[DATASET SECTION — start]

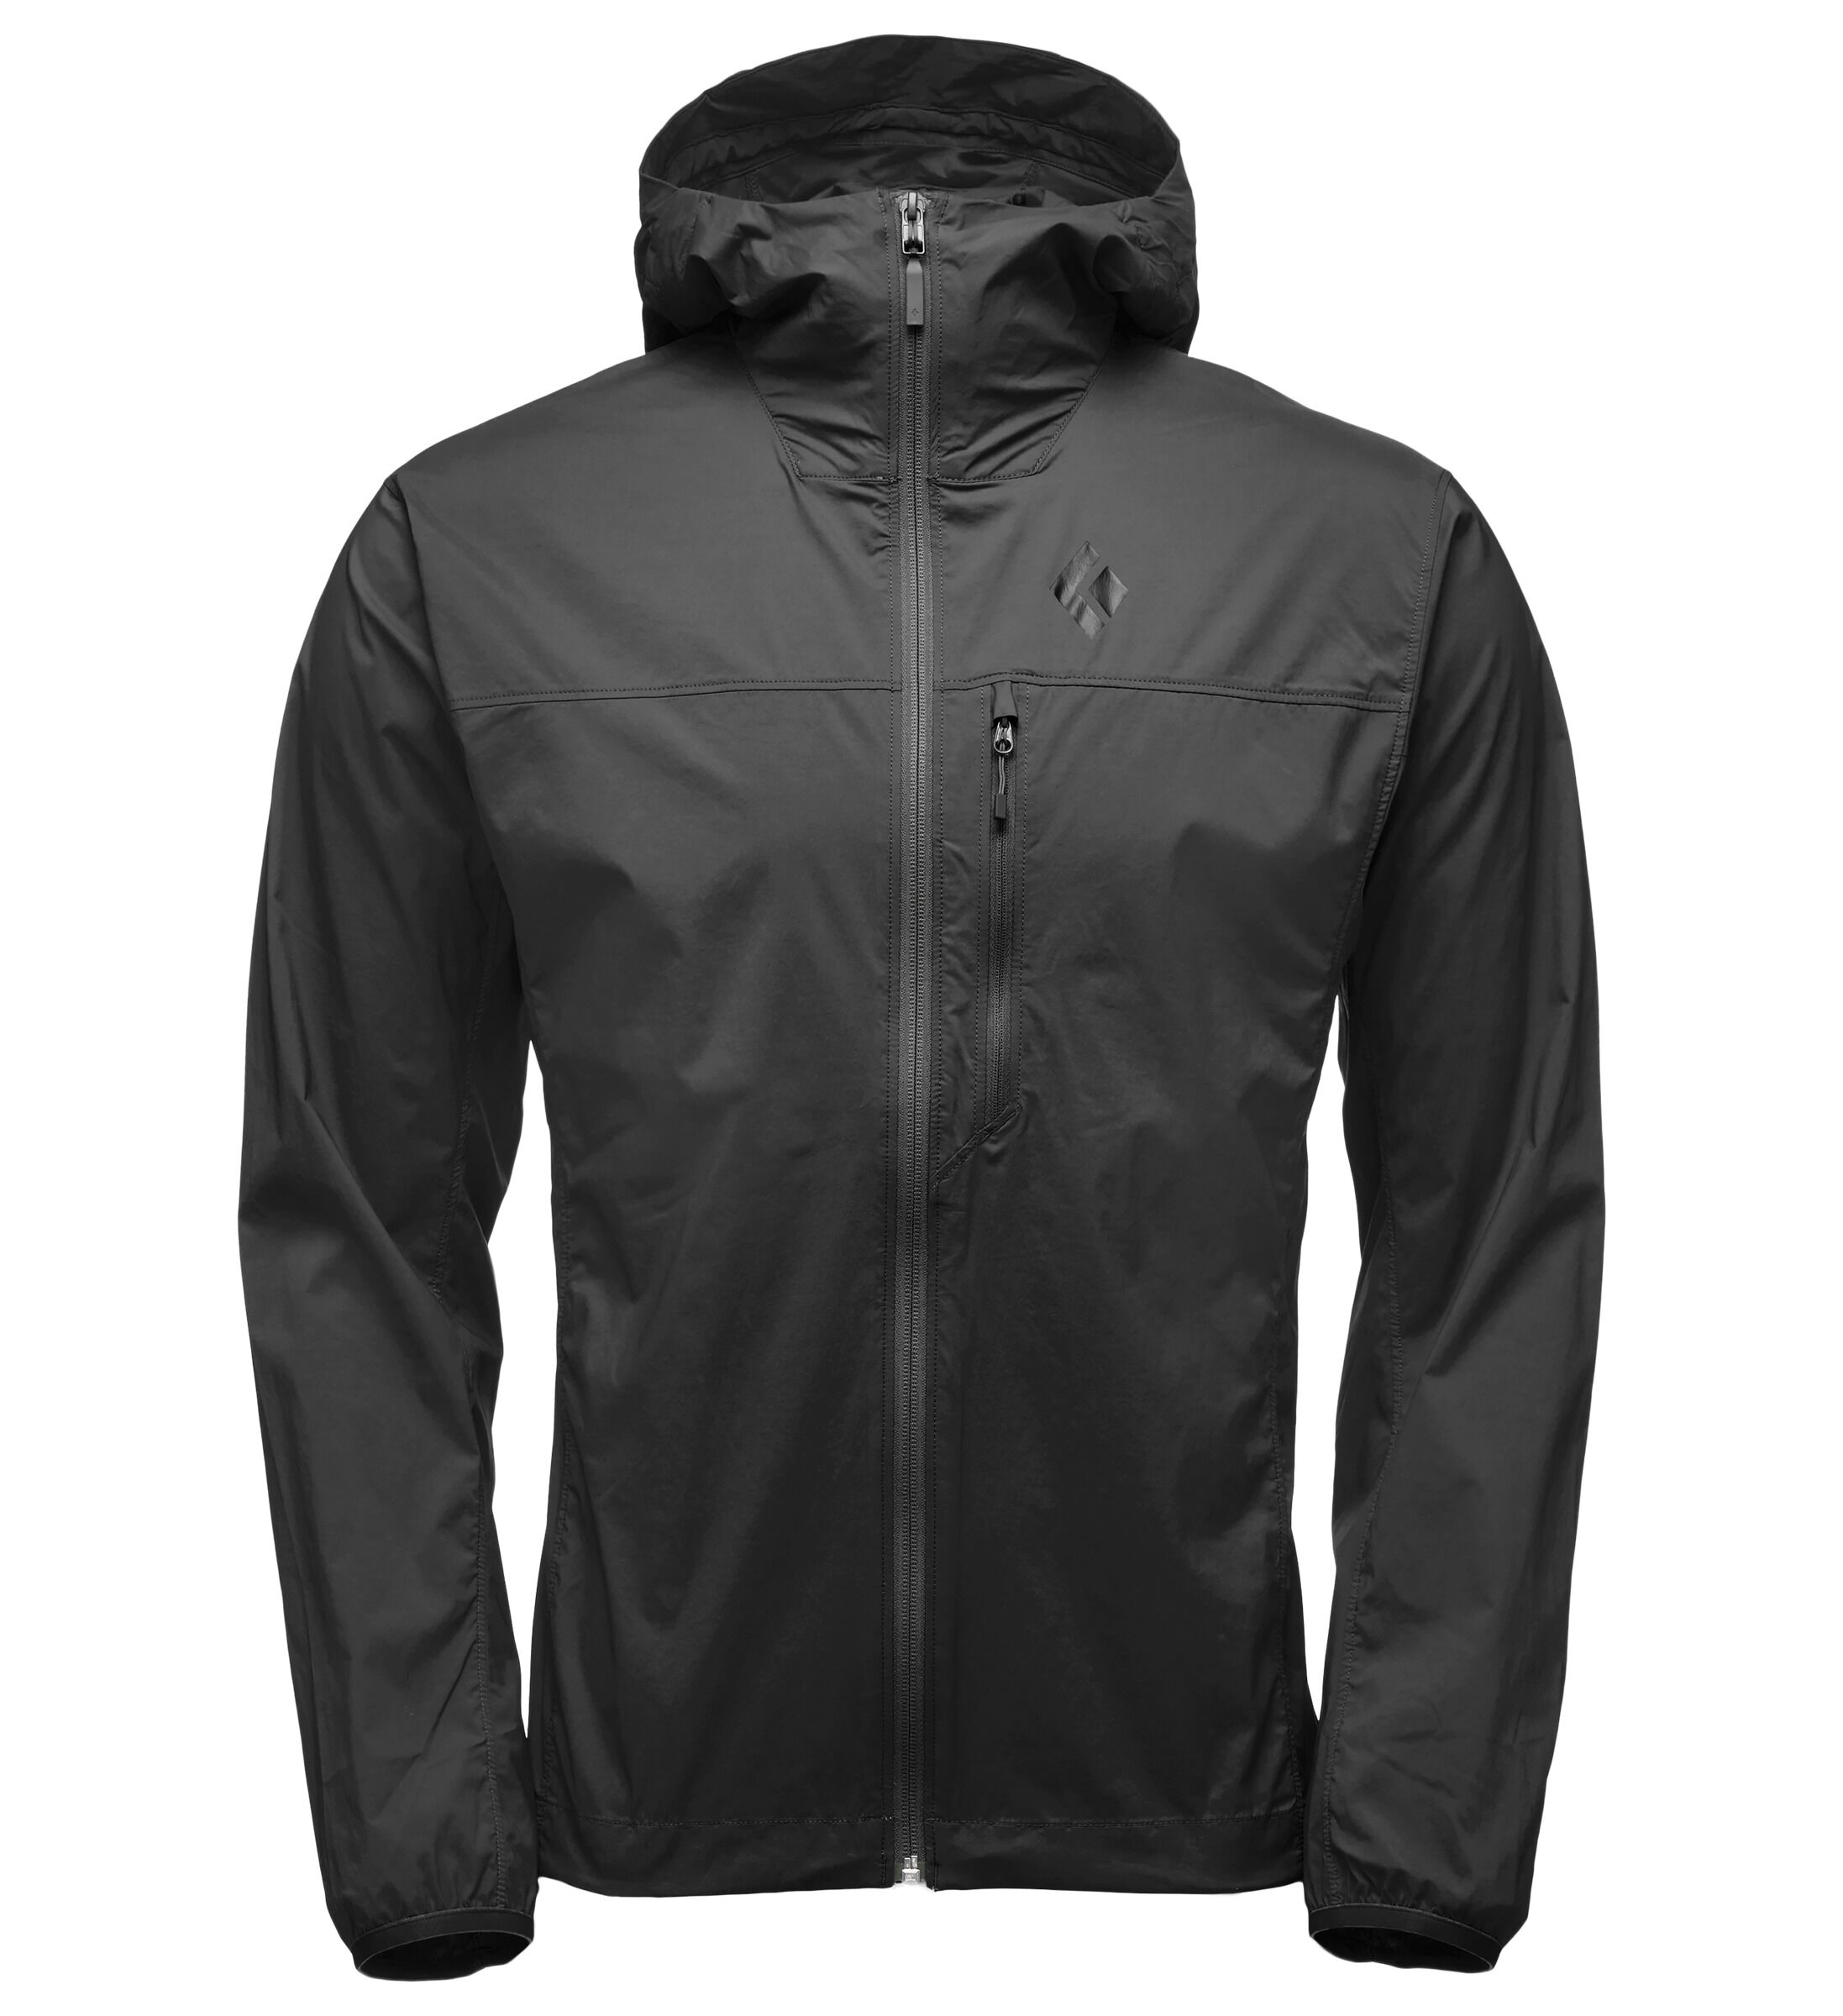 Black Diamond - Alpine Start Hoody - Wind jacket - Men's
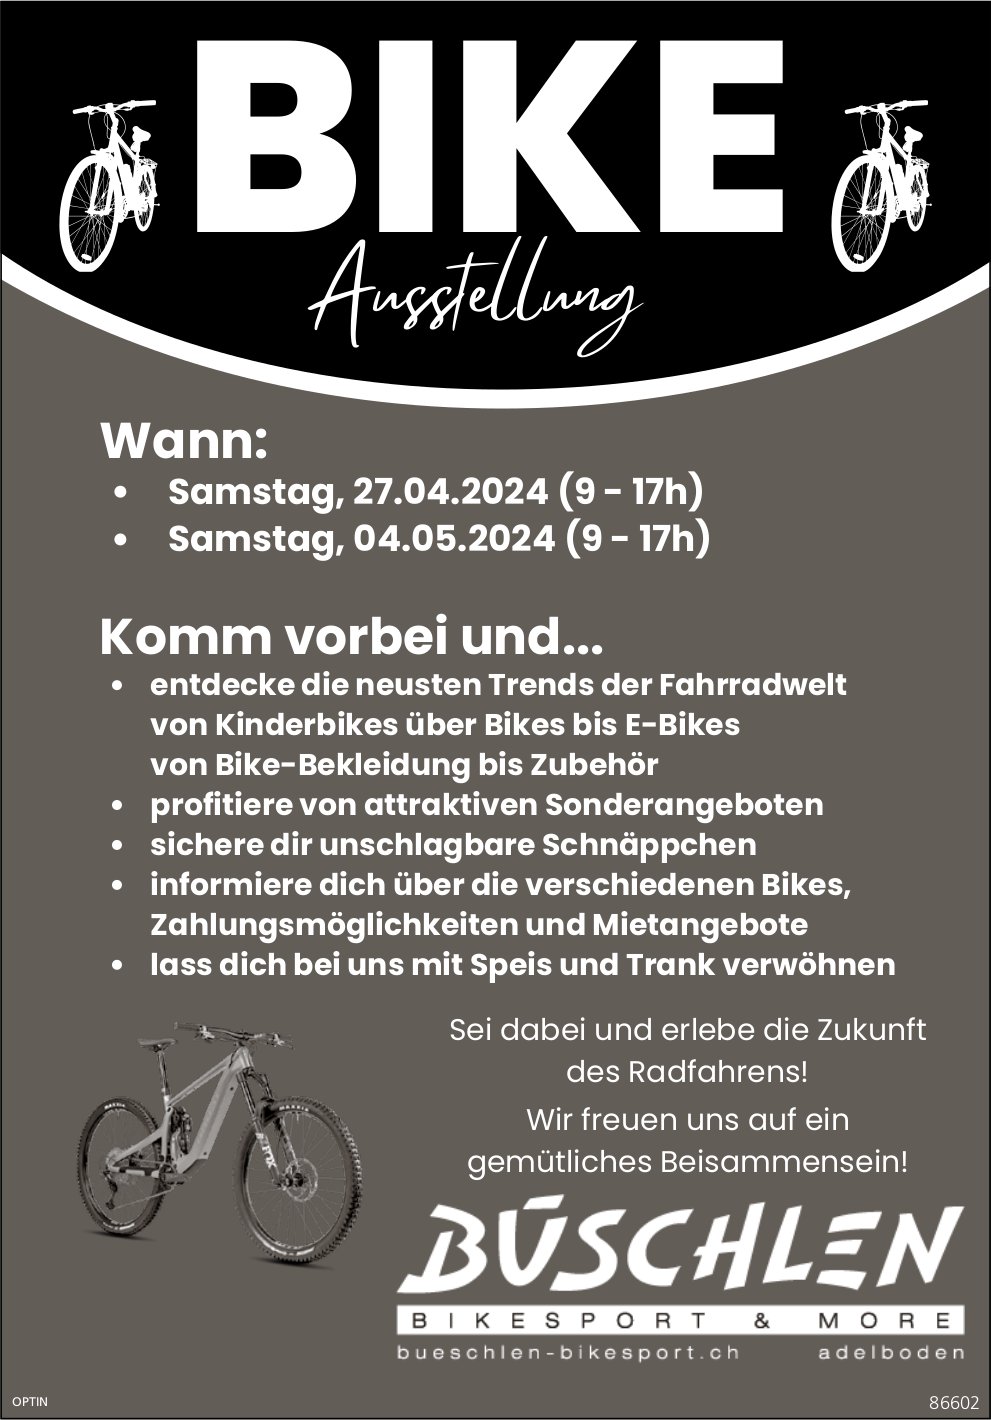 BIKE Ausstellung, 4. Mai, Büschlen Bikesport & More, Adelboden
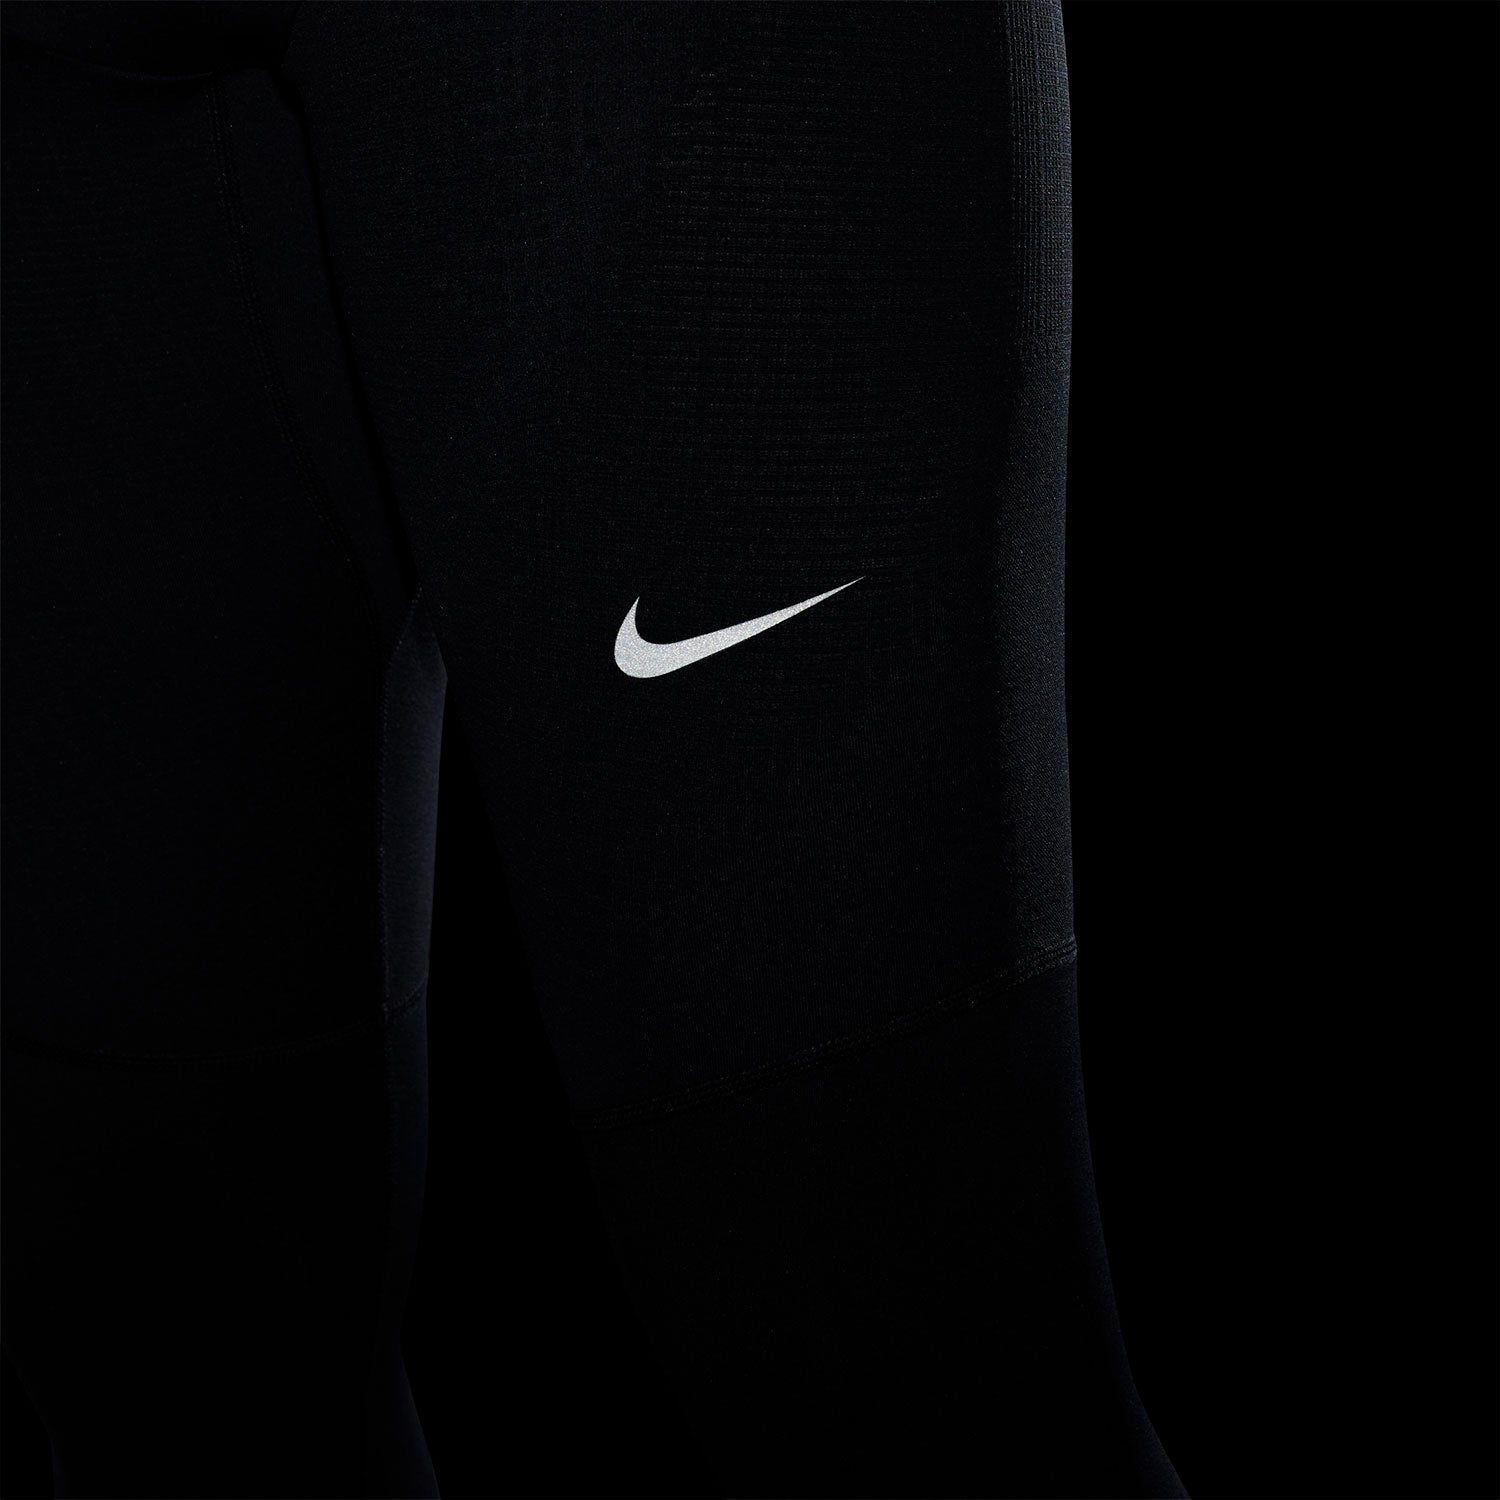 XXL Nike Phenom Elite Men's Running Tights Pants Black CZ8823-010 Dri Fit

[DATASET SECTION — finish]

--- WHAT IS EXPECTED ---
Down to the last line, set down the data above exactly, and omit all images.

--- YOUR SOLUTION ---
 Black Diamond - Alpine Start Hoody - Wind jacket - Men's
 BIKE Ausstellung, 4. Mai, Büschlen Bikesport & More, Adelboden
 XXL Nike Phenom Elite Men's Running Tights Pants Black CZ8823-010 Dri Fit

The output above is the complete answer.